С фронтов поступали невеселые вести. Радио и газеты то и дело сообщали о том, что Красная Армия после тяжелых боев с преобладающими силами противника оставила какой-нибудь город или район. Москвичи казались суровыми, угрюмыми, они ждали военных испытаний. Поговаривали, что сражения идут где-то под Смоленском. Говорили, что немцев там задержали. В середине июля впервые было применено новое, неизвестное немцам и поэтому очень напугавшее их реактивное оружие — «катюши». Тогда и советские люди мало знали об этом оружии и говорили только о его фантастической мощи — после обстрела на большом участке «ничего не остается». Разговоры о «катюшах» поднимали у всех дух.

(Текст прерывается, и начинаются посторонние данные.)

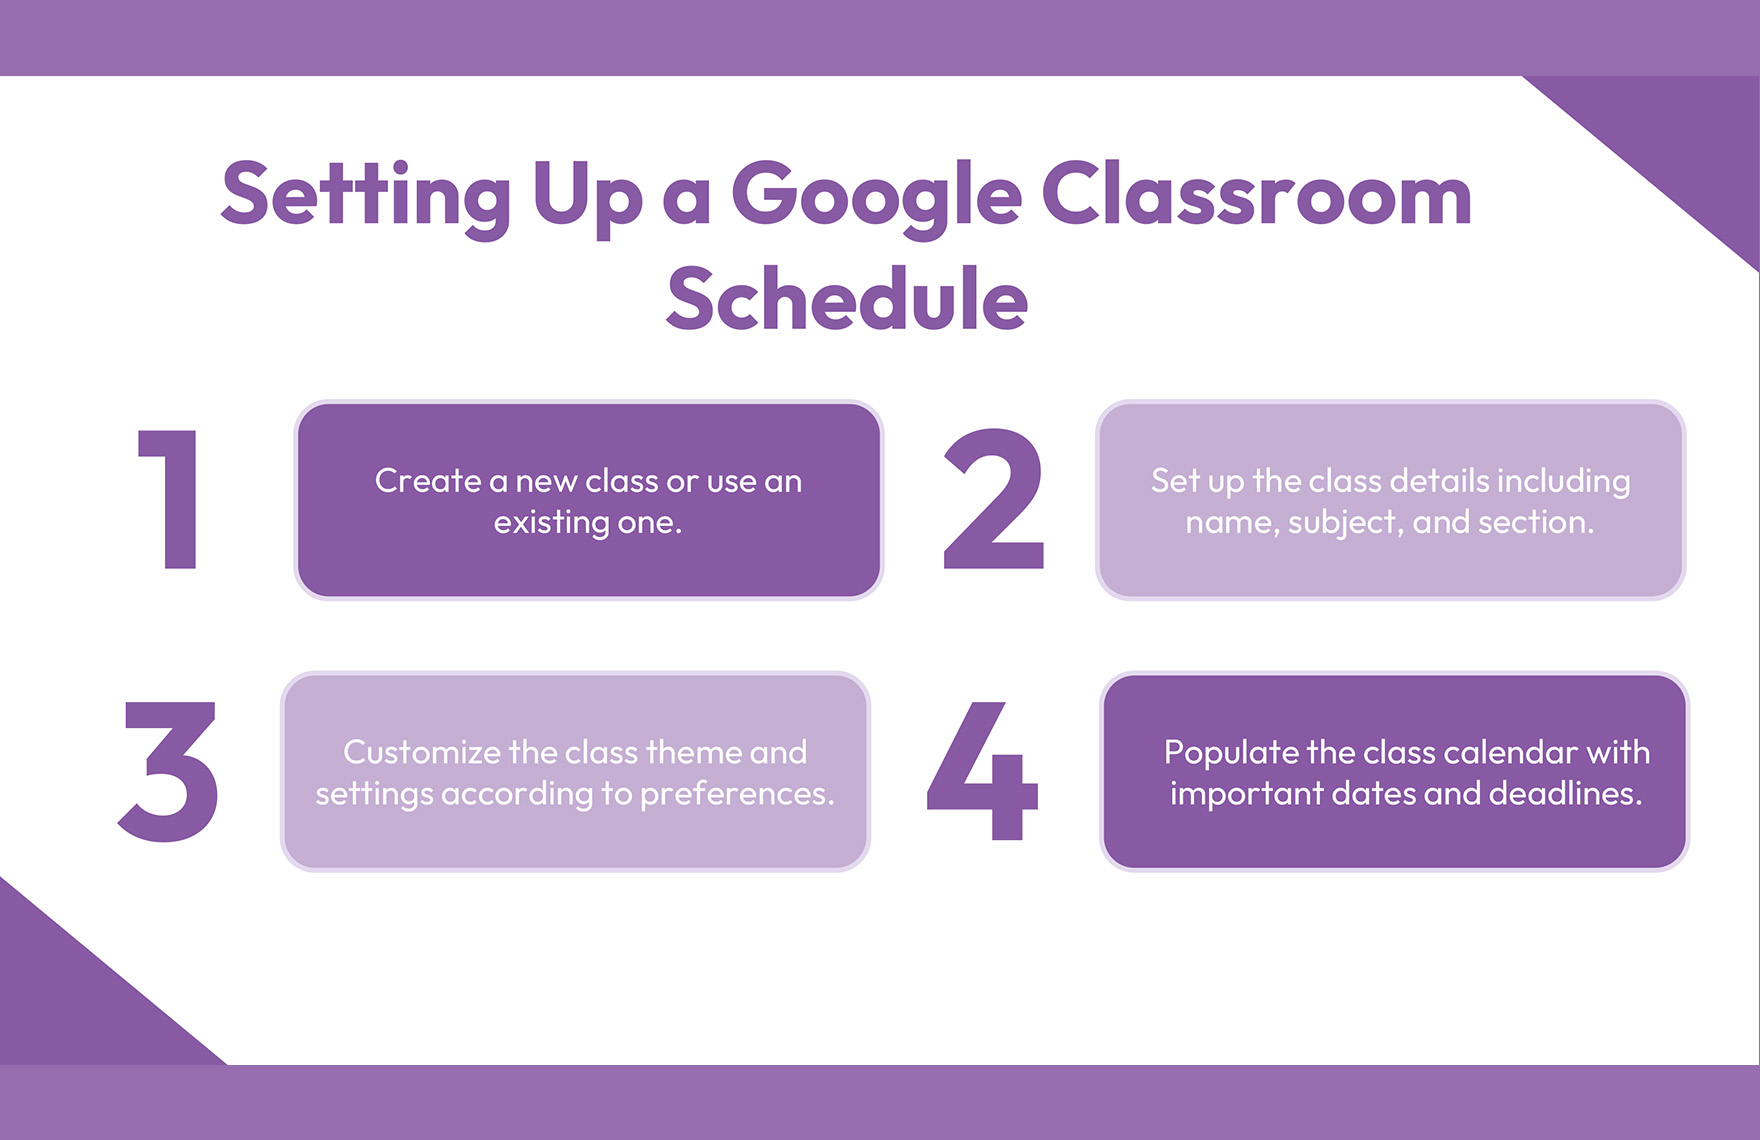 Google Classroom Schedule Template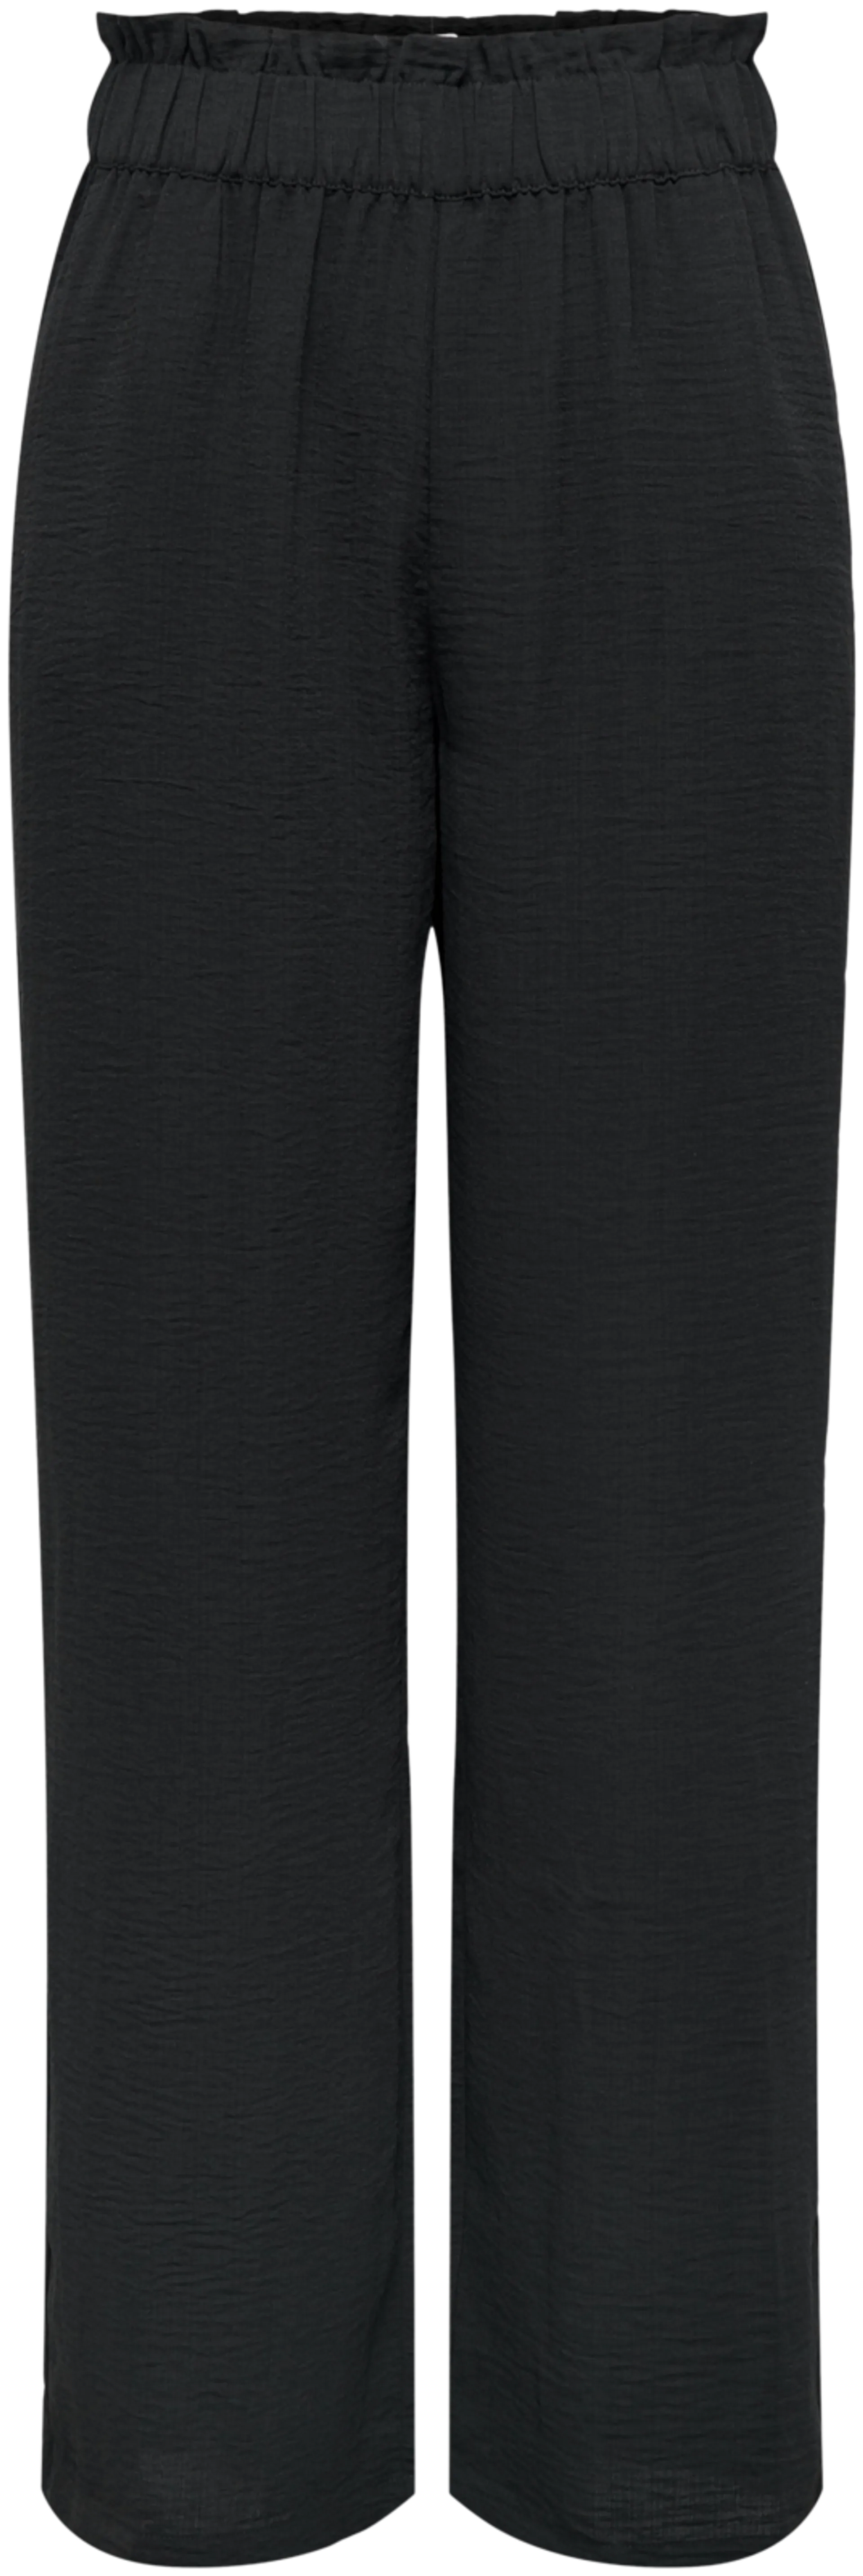 JDY naisten housut Divya - BLACK - 1

В ночь на 22 июля, ровно через месяц после начала войны, гитлеровская авиация впервые атаковала с воздуха Москву. Эту ночь не забудет ни один москвич, никто из тех; кто тогда находился в столице. Жутким голосом завыли сотни сирен — от одного этого воя по спине побежали мурашки. По всем громкоговорителям передавали сообщения о воздушной тревоге. Одни спешили в убежища (было десять или одиннадцать часов вечера) — в подвалы домов, куда указывали надписи и стрелки на стенах, а кто находился поближе к метро — в подземные станции (позднее при воздушных тревогах в станции метро пускали только женщин и детей), другие, остановившись на улицах, чего-то ждали, но милиция и патрули всех загоняли в убежища. Городской транспорт остановился, носились только пожарные машины и машины скорой помощи. Мы стояли во дворе Постпредства и глядели в сумрачное небо, в котором светились длинные лучи прожекторов. Вскоре заговорили зенитки, сливаясь в единый гул. Казалось, что на каждой городской площади, на крышах домов, во дворах стоят орудия и стреляют так, что вот-вот лопнут барабанные перепонки. Где-то вдалеке прогремели тяжелые взрывы — упали бомбы. На окраине города то тут, то там поднялись ввысь огненные столбы — загорелись какие-то склады. На пожар полетели пожарные машины. Раздался глухой рев самолета. Он был слышен, когда на минутку прекращалась пальба зениток. У площади Восстания вдруг повисла в воздухе лампа, сразу ослепительно ярко озарившая стены и крыши домов, часть мостовой. Все вокруг засветилось, словно днем, только свет был неуютным и предвещал недоброе. Снова раздались взрывы — уже ближе. Зенитки жарили так, что мы спрятались под крышу, чтобы на голову не упали осколки. Неподалеку загорелся дом, — стоявшие рядом с нами москвичи говорили, что самолеты сбросили сотни зажигательных бомб. Как выяснилось наутро, большинство бомб упало во дворы, на улицы и только часть — на дома. Не все знали, что бомбы лучше всего тушить, засыпая их песком, и бросали их в бочки с водой, которые держали во дворах и на чердаках. Позднее люди поняли, что лучше всего сбрасывать их лопатами с крыши вниз, где бомба сама потухнет. Лучше всего тушили зажигалки московские дети. Несмотря на опасность, а может как следует и не понимая ее, они дежурили на чердаках и крышах и отважно сражались с пожарами. Многие, конечно, пострадали — погибли или получили ожоги…
На следующий день люди рассказывали, что к городу рвались сотни вражеских самолетов, но до центра долетели лишь единицы. Наша зенитная артиллерия сбила несколько самолетов. Мы слышали, что сбитый немецкий самолет упал в Москву-реку, а другой на какой-то площади выставлен на обозрение публики. Позднее на площади Свердлова мы действительно увидели сбитый немецкий самолет. Люди смотрели на него с интересом и отвращением.